As for equipping our little expedition, this we were advised to do before our departure. Since the climate of the Bloomenveldt was perpetually balmy, tents or heavy clothing were redundant, and should we be so foolishly venturesome as to stay away from the dome long enough to require nourishment, we would have to content ourselves with cold concentrates, for the notion of building a fire on the treetops would be, to say the least, ill-advised.
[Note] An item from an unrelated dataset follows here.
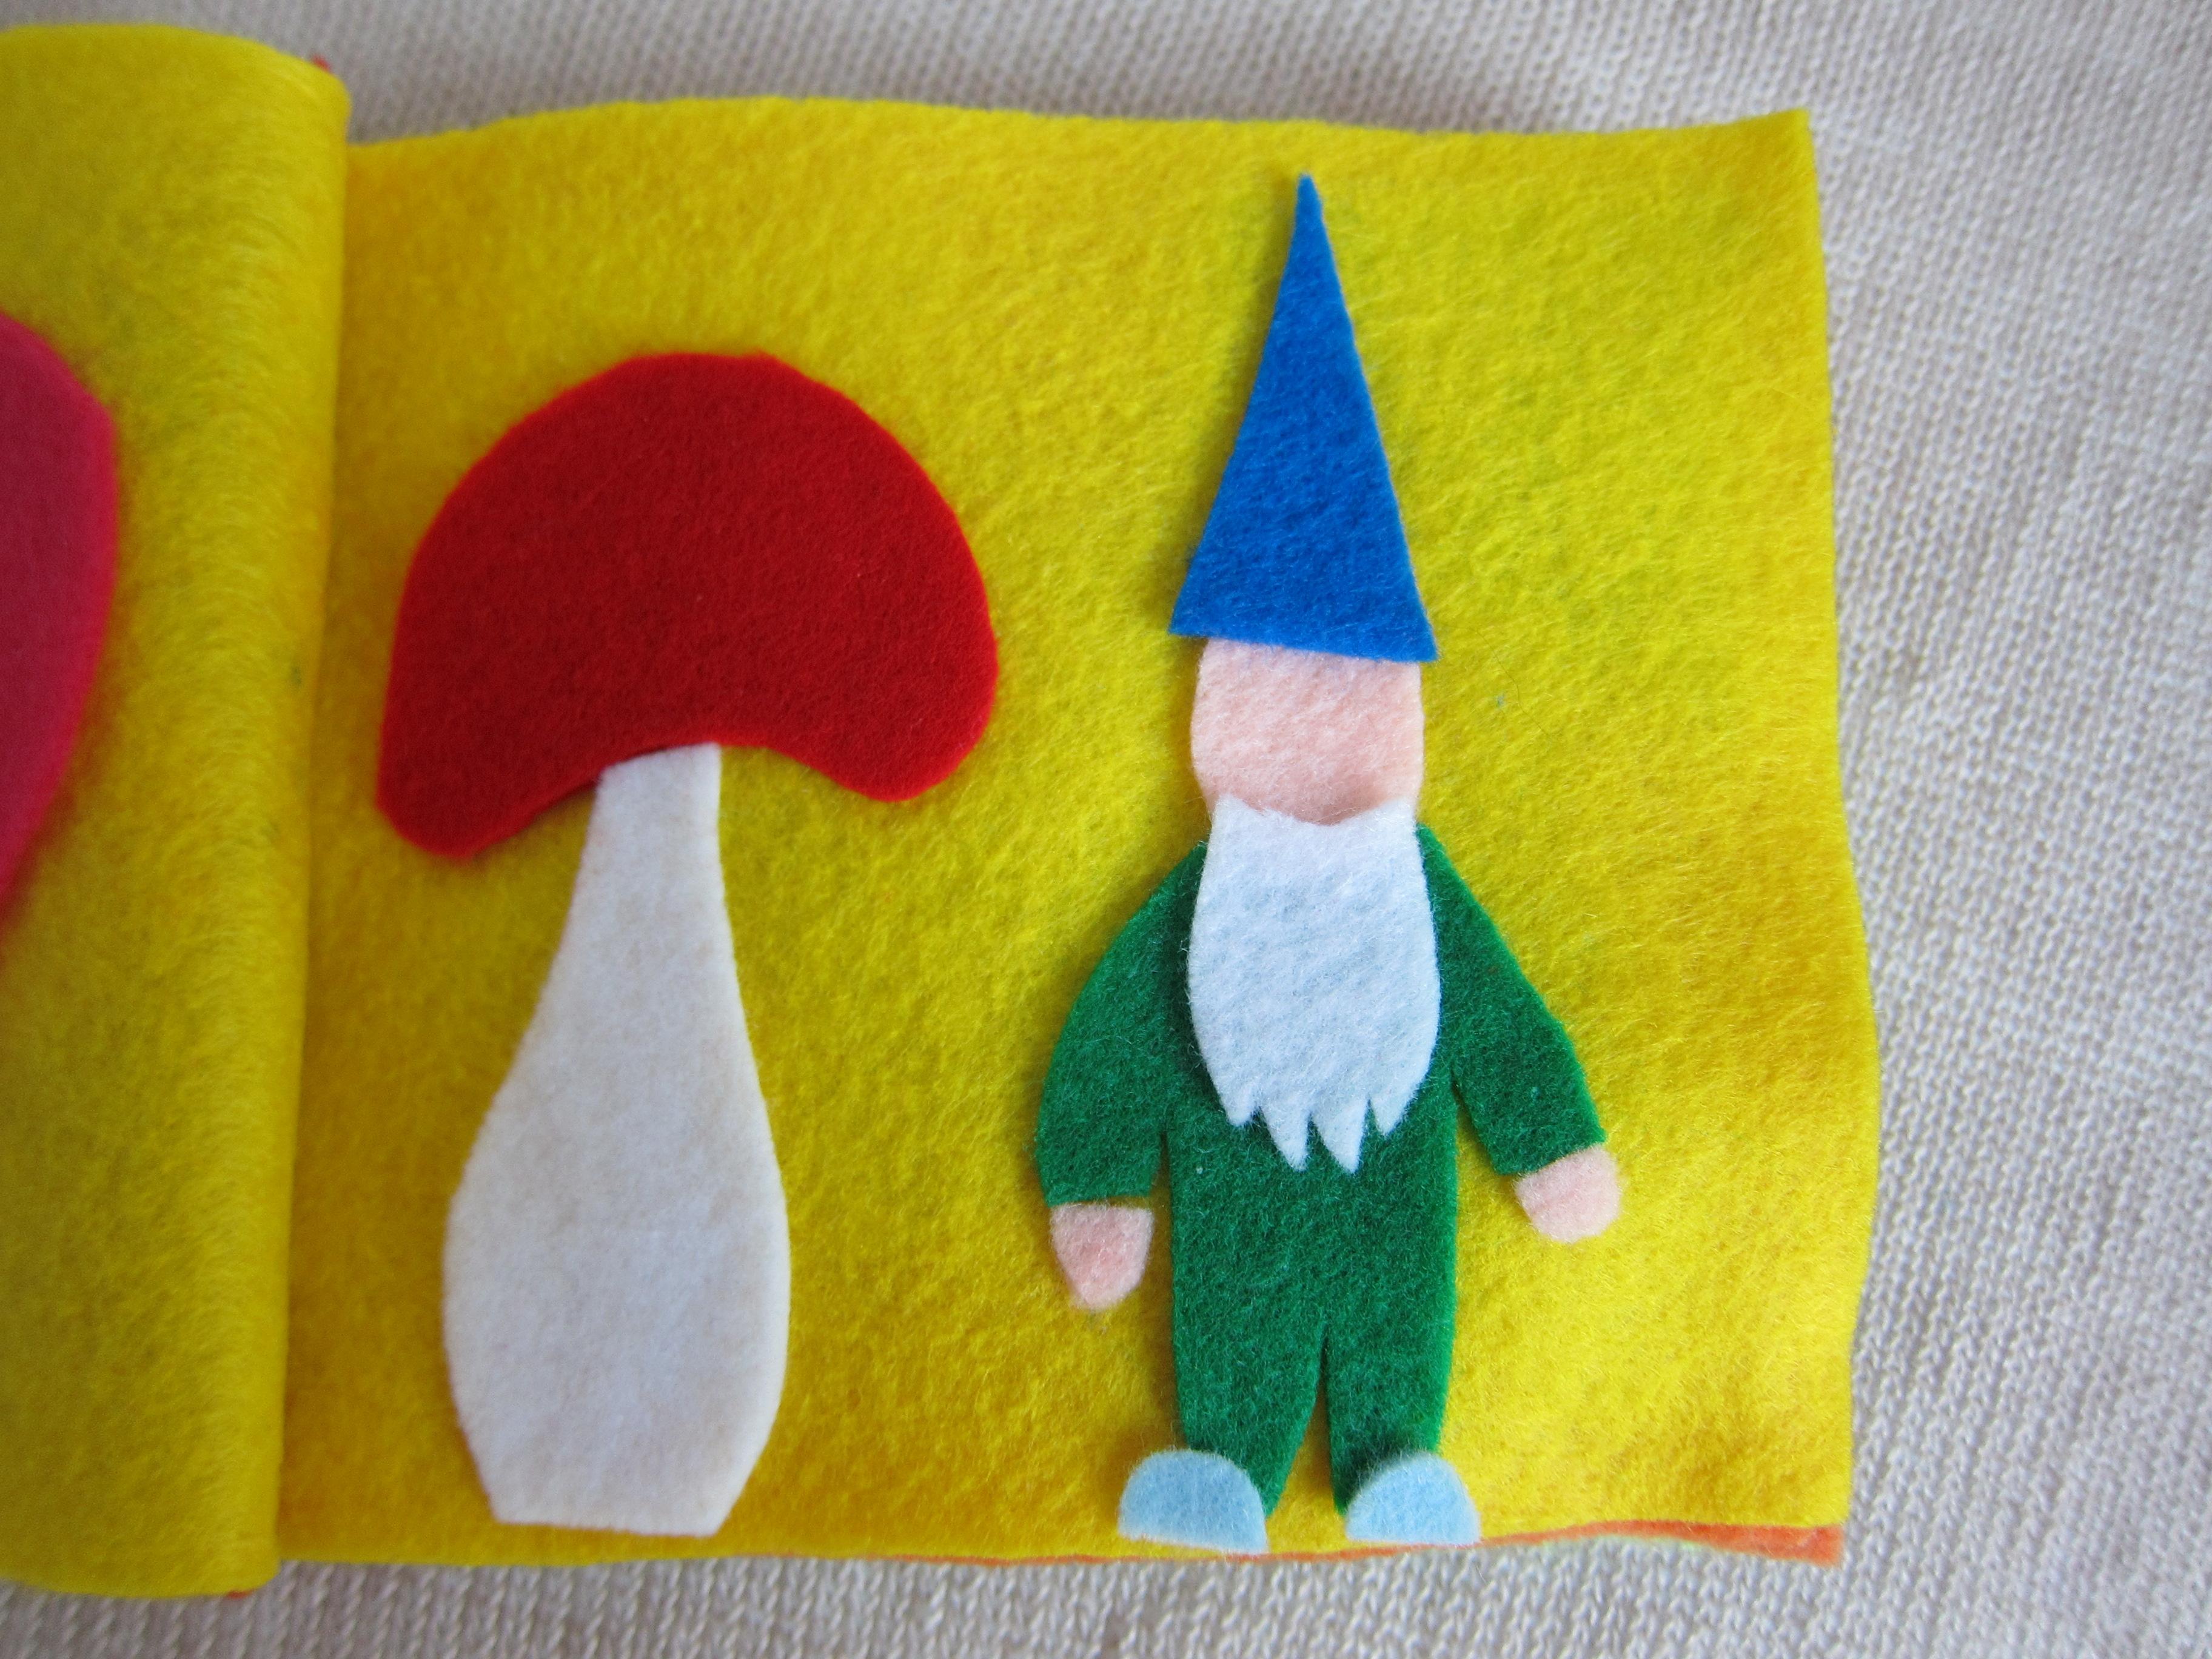 Felt craft book - Advertisements

Thus, aside from cold concentrates and canteens, our kits contained only three items of equipment: simple beacon receivers in the event we lost our way, filter masks which we were assured were an absolute necessity, and floatbelts to nullify gravity so that we could flit from branch to branch and not fall to the deadly forest floor in the event of a botched landing.

 

Guy, who had certainly never fancied himself a woodsman, expressed the usual trepidations of the confirmed urbanite during these preparations, but I, who had gone on many an expedition deep into the Bittersweet Jungle of Glade, assured him in all sincerity that I was a maestra of forest lore well versed in the skills of survival therein. So I truly believed, for was one forest not very much like another, even though the Bloomenwald was a forest writ large? Only the question of predators would have given me pause, and these, we were told, were nonexistent.

 

Within forty-eight hours, we had completed our preparations and boarded the suborbital shuttle, for once I had succeeded in altering the vector of Guy's enthusiasm, he threw his energies and argent into the project as totally as he had pursued his previous obsessions. There were no more sojourns at the mental retreats, the. Charge was never mentioned again, and once more our passages d'amour had achieved a frequency and duration, not to say piquancy, appropriate to a natural man and a natural woman about to share a grand adventure.